17 Apr 2020 | 20:11 UTC — New York

WTI hits fresh 18-year, front-month low as oversupply concerns mount

Highlights

Front-month WTI settle lowest since January 2002

S&P Global Platts Analytics now sees 2020 oil demand down 7.8 million b/d

Refined products firm as Trump issues economic reopen guidelines

WTI settled at a fresh 18-year low for a front-month contract Friday as near-term oversupply concerns prompted selling of prompt-dated contracts.

NYMEX May WTI moved $1.60 lower to settle at $18.27/b, the lowest front-month settle since January 2002. ICE June Brent, in contrast, climbed 26 cents day on day to settle at $28.08/b.

"Oil price volatility went into overdrive as contracts roll, reopening hopes in the US offered some relief for crude demand, but oversupply conditions persist as producers are forced to shut in output," OANDA senior market analyst Edward Moya said in a note. "The consensus remains oversupply conditions will keep oil prices heavy."

S&P Global Platts Analytics now sees 2020 global oil demand contracting by 7.8 million b/d, revised down from a 4.5 million b/d decrease in its March outlook. Oil demand is now projected to contract in every month through December.

"We are seeing a lot of spread trading, buying the back and selling the front," Price Futures Group senior market analyst Phil Flynn said. "By buying the back you are trying to bet which month will return to energy demand."

A sharp contraction in demand caused by global efforts to slow the coronavirus pandemic has sharply widened contract differentials on the front end of the curve. The WTI May contract settled Friday at a $6.76/b discount to the June contract.

"Energy traders who had medium-term bearish bets in the futures markets are not happy.

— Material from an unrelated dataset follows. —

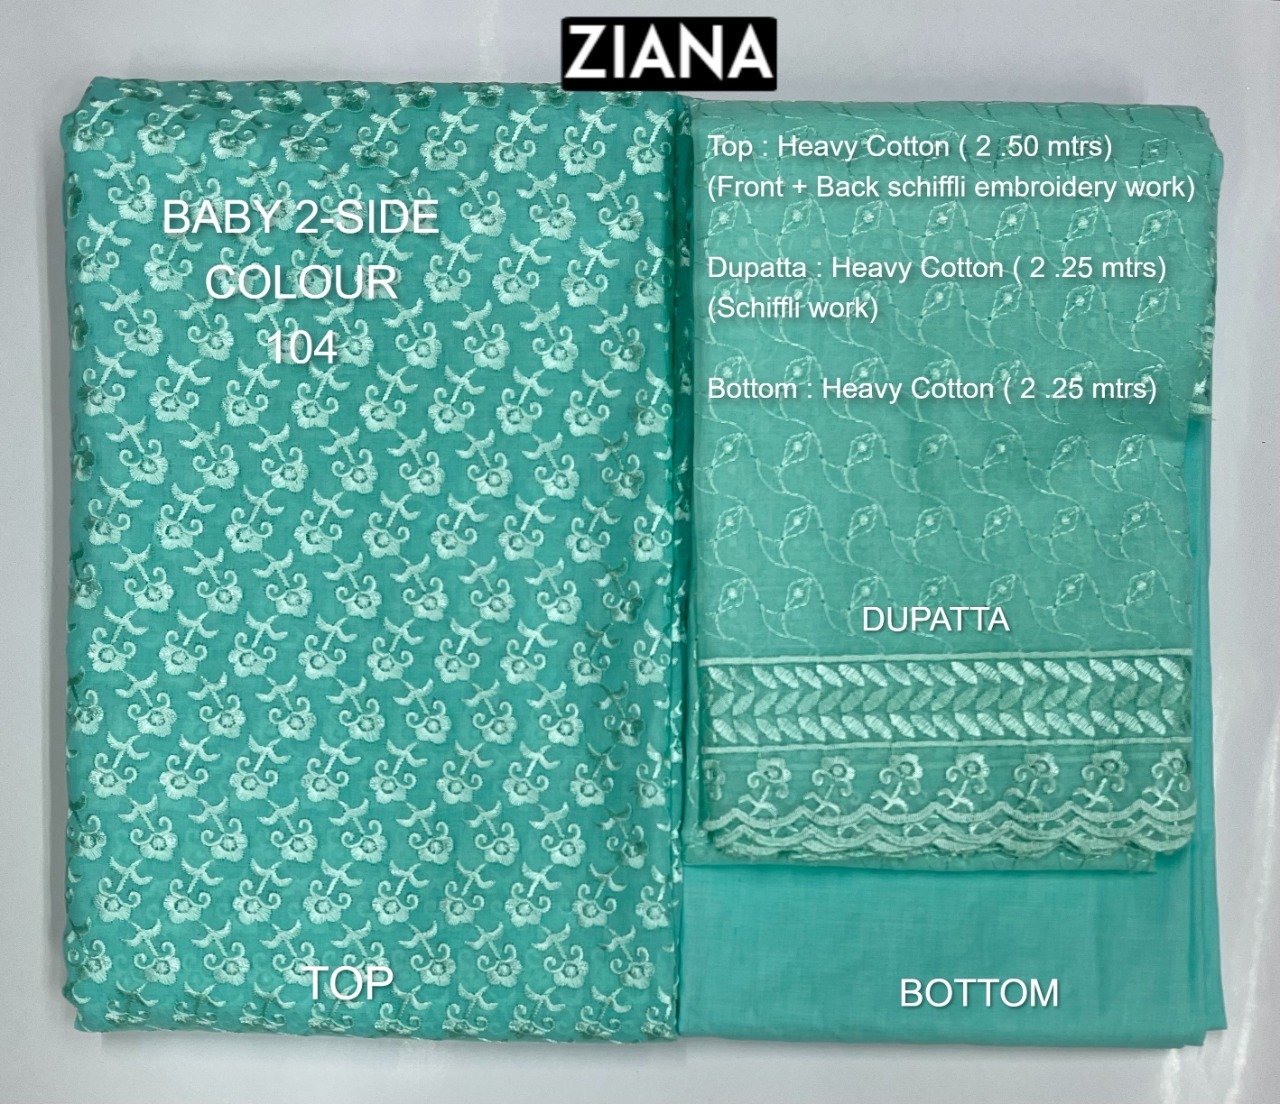 ziana baby 2 side colour 104 heavy cotton exclusive embroidery salwar suit colour set

Contract rolls were $3 for WTI crude in the beginning of the month and have widened to $7 per contract," Moya said.

Starting Friday, the US Oil Fund, an exchanged-traded fund that invests in NYMEX and ICE crude oil futures contracts, will shift its position toward holding more forward-dated contracts. The fund, which had previously invested only in the front-month contract, will now invest about 20% of its portfolio in the second-month contract, according to a company filing with the US Securities and Exchange Commission late Thursday.

The fund holdings account for about 25% of all outstanding NYMEX WTI futures, according to Bloomberg News.

Refined product futures moved higher Friday on optimism that a slowing of the spread of the pandemic would allow global economies to reopen in coming weeks.

NYMEX May ULSD settled 1.00 cents higher at 95.63 cents/gal and May RBOB was up 56 points on the day at 71.07 cents/gal.

US President Donald Trump gave state governors a road map Thursday on the gradual reopening of their states' economies in the coming months, according to media reports. The guidelines are aimed at easing restrictions in cities with lower coronavirus disease transmission rates.